Every January, the Harvard Business Review publishes ten breakthrough ideas for the year ahead.

Number one on this year’s list was new research on what really drives motivation: A clear sense that progress is being made.

In a multi-year study, researchers at the school first asked 600 managers from dozens of different companies to rank the impact of five factors that are normally associated with motivation – recognition, incentives, support from managers and colleagues, clear goals and a sense of making progress.

In this first phase of the study, recognition for good work was ranked by managers as the most important factor in motivation.

In the next stage, hundreds of knowledge workers in a variety of settings emailed 12,000 end-of-day diaries, rating their motivation level and talking about the kind of day they had.

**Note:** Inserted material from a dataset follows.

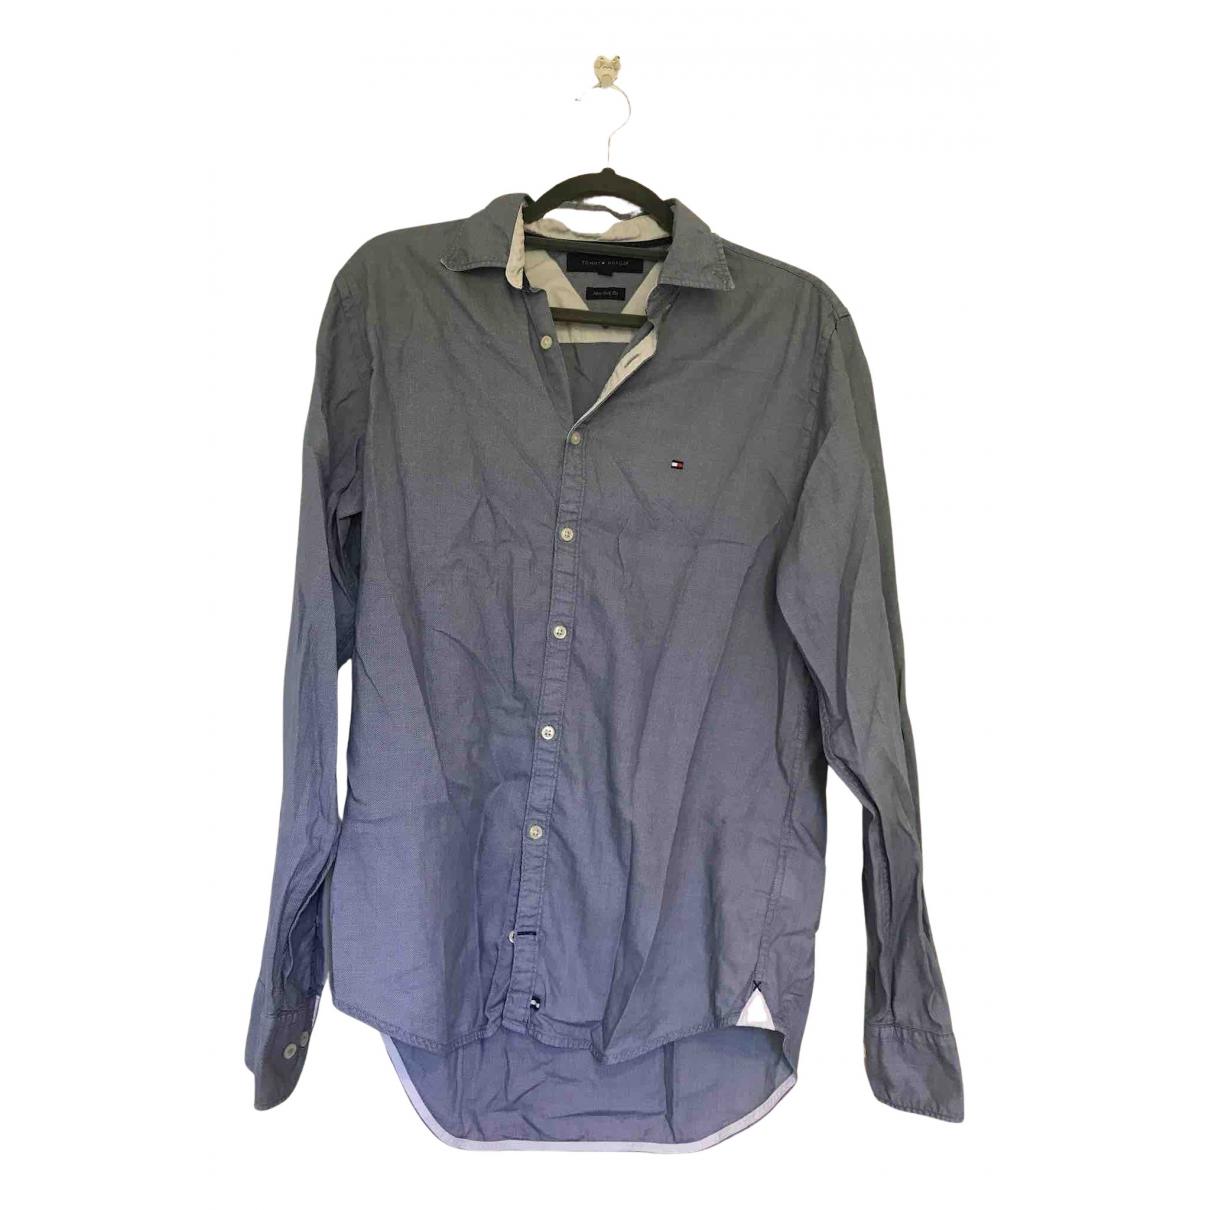 Tommy Hilfiger N Blue Cotton Shirts for Men S International

The researchers then dug deep to look at what events those workers reported each day, especially on those days that respondents said were their “best days” and their ”worst days.”

And the answer is……

A sense of progress was the factor most strongly correlated with a strong feeling of motivation.  Particularly interesting – out of the five options rated by managers before the study began as keeping people motivated, that sense of making progress was rated last

Here’s an excerpt from the Harvard Business Review article:

On days when workers have the sense they’re making headway in their jobs or when they receive support that helps them overcome obstacles, their emotions are most positive and their drive to succeed is at its peak. On days when they feel they are spinning their wheels or encountering roadblocks to meaningful accomplishment, their moods and motivation are lowest.”

Here are the five factors that appear to drive motivation the most, the events workers said they experienced on their very best days:                             

Making progress

76%

Collaboration

53%

Organizational  support

43%

Interpersonal support

25%

Doing important work

19%

                                   
Negative events generally have a greater effect on peoples’ emotions, perceptions and motivations than positive ones, according to the researchers. And the most prominent event on workers’ worst days was experiencing a setback.

And here’s what the HBR article had to say about recognition:

“As for recognition, diaries revealed that it does indeed motivate workers and lift their moods. So managers should celebrate progress, even the incremental sort. But there will be nothing to recognize if people aren’t genuinely moving forward – and as a practical matter, recognition can’t happen every day. You can, however, see that progress happens every day.”